It depends on a lot on your timing with the market. This guy (from TFA) sold in 2007; I bought my first house as a (fairly dire) fixer-upper in 2008. I sold it in 2016, after it had more than doubled in value (partly due to improvements we'd made, partly due to market improvements). I bought the next house as a (cosmetic) fixer-upper in 2016, and sold it in 2020, after the pandemic had multiplied its value by 1.5x. Now I own outright, pay no mortgage, and my property tax is less than 1% where I live. Yes I got lucky on timing on both ends of the 12 years, but not selling into a down market (if you can help it, of course), buying with an eye to potential increase in value, and being willing to take advantage of market conditions are all things that can work in your favor.
There isn't resistance. It comes from development patterns.
A developer buys 10 hectares of land and wants to max out the returns, so they pack it full of houses. Another developer buys the adjacent 20 hectares and follows the same strategy. Rinse and repeat. Purely market driven housing development orients towards developer profit, not long term quality of life of the neighborhoods being constructed.
I am sure that they could better maximize their returns by making room for local businesses and increasing the appeal of the area. And who says that a house will be worth more than a shop?
It sounds more like “this is the way you do it” momentum.
You need about 10 houses per shop (anyone with better numbers? this works for discussion but it is likely wrong). However everybody needs many different shops and so it isn't a case of 10 houses 1 shop - since you always need to go elsewhere anyway wouldn't even think of the local shop when it would do and so they fail. Even in dense cities it is common to see one street of ground for retail then several streets of no retail.
Shops do better when clustered together. People combine trips and so if they need to go one place for any reason that will often enough "drop in" to a different one.
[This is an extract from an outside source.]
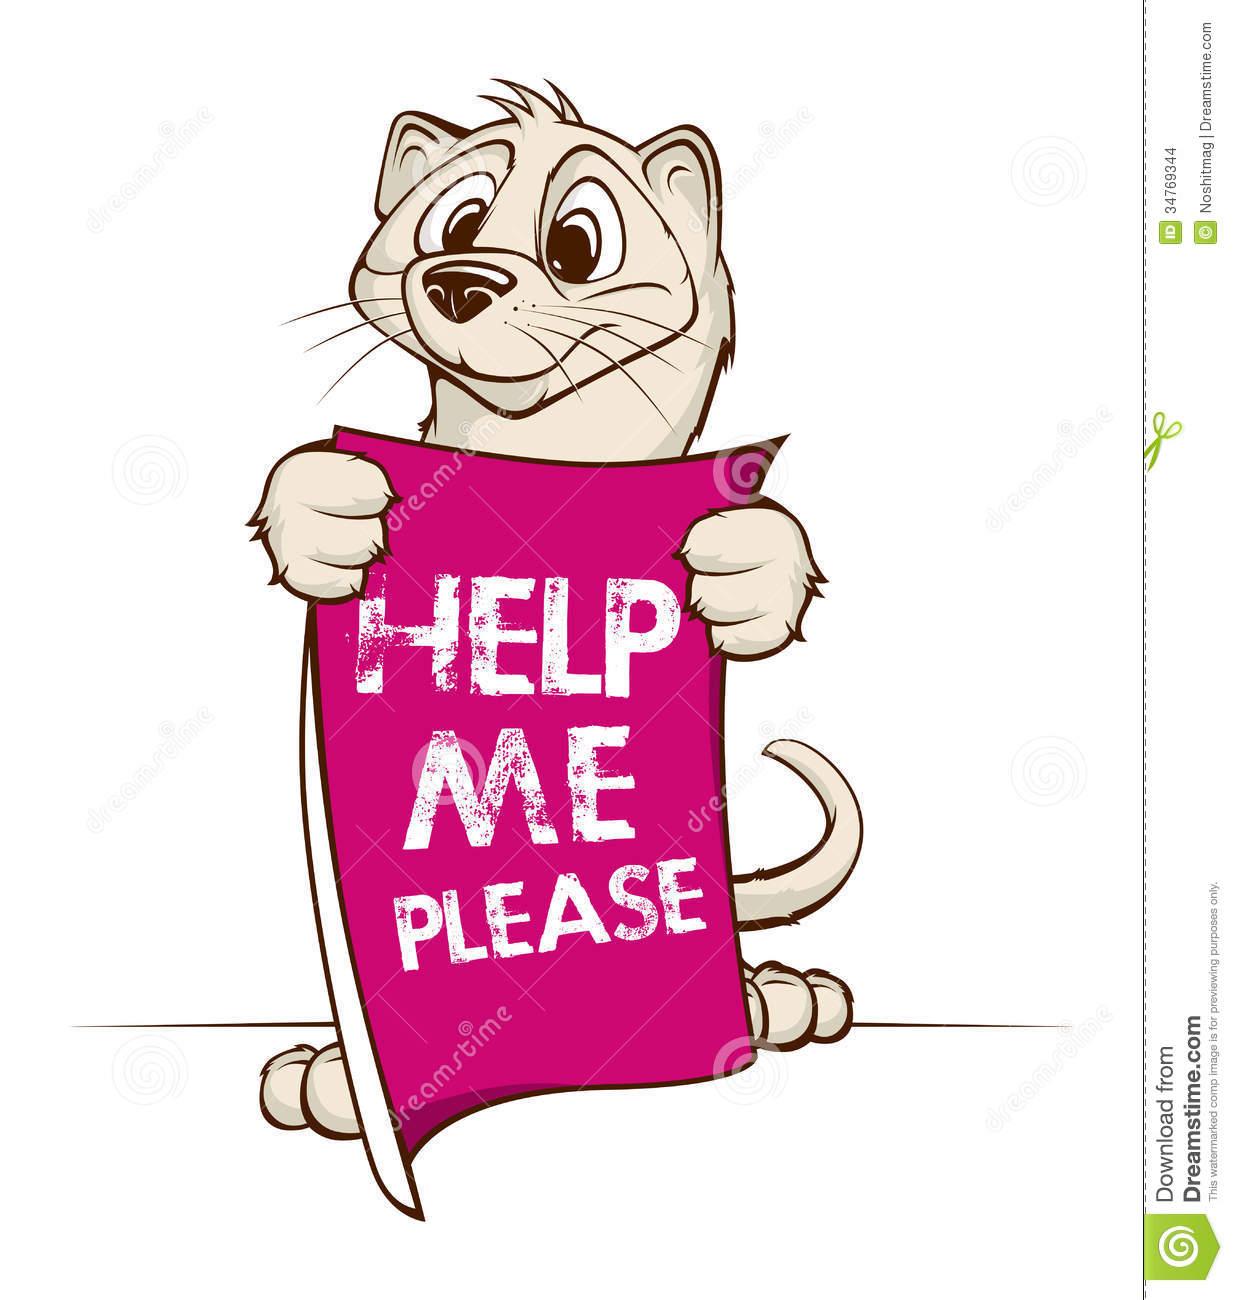 PLEASE HELP ME!!!!!!!!!!!!!!!!!!!!!?

All this is to say, in most cases a shop is worth less than a house on those developments even though a shop would get higher rent when it is rented!
That doesn't matter to any given one because they rarely need multiple types at the same time, so they just go to the nearest one of whatever they currently need. If you could build them in the suburbs then for many people in the suburbs, that would be the nearest one and it would get enough business to be sustainable. While reducing traffic because now some subset of the customers can walk to it instead of 100% of them needing to drive.
> Even in dense cities it is common to see one street of ground for retail then several streets of no retail.
Isn't that mainly because of zoning? The area with all the shops is the area where shops are allowed, or the area where something that pays higher prices for space than shops isn't.
> All this is to say, in most cases a shop is worth less than a house on those developments even though a shop would get higher rent when it is rented!
You should be able to have the shop and a housing unit or three on the same piece of land, which not only allows you to make more valuable use of the land, it also puts more people (i.e. customers) near the shop.
Broadly speaking, that sounds super low, and it also doesn't echo the business density I typically observe. I think even for lifestyle businesses you need hundreds of homes actively using your services, maybe thousands total. Suppose you really could live off just 10 houses; you'd need something like $2400/yr/person in revenue at 100% cash operating margins to turn it into a reasonable income (which, given your risk exposure via rent, capital, etc, I don't think most people would start a business with the intent of the owner making less than $60k/yr in income, perhaps scaled down in much smaller, cheaper towns). There aren't many kinds of businesses where I spend that much money, and those definitely don't have anywhere near 100% margins. Just right off the bat, 100 or 1000 feels closer to correct than 10.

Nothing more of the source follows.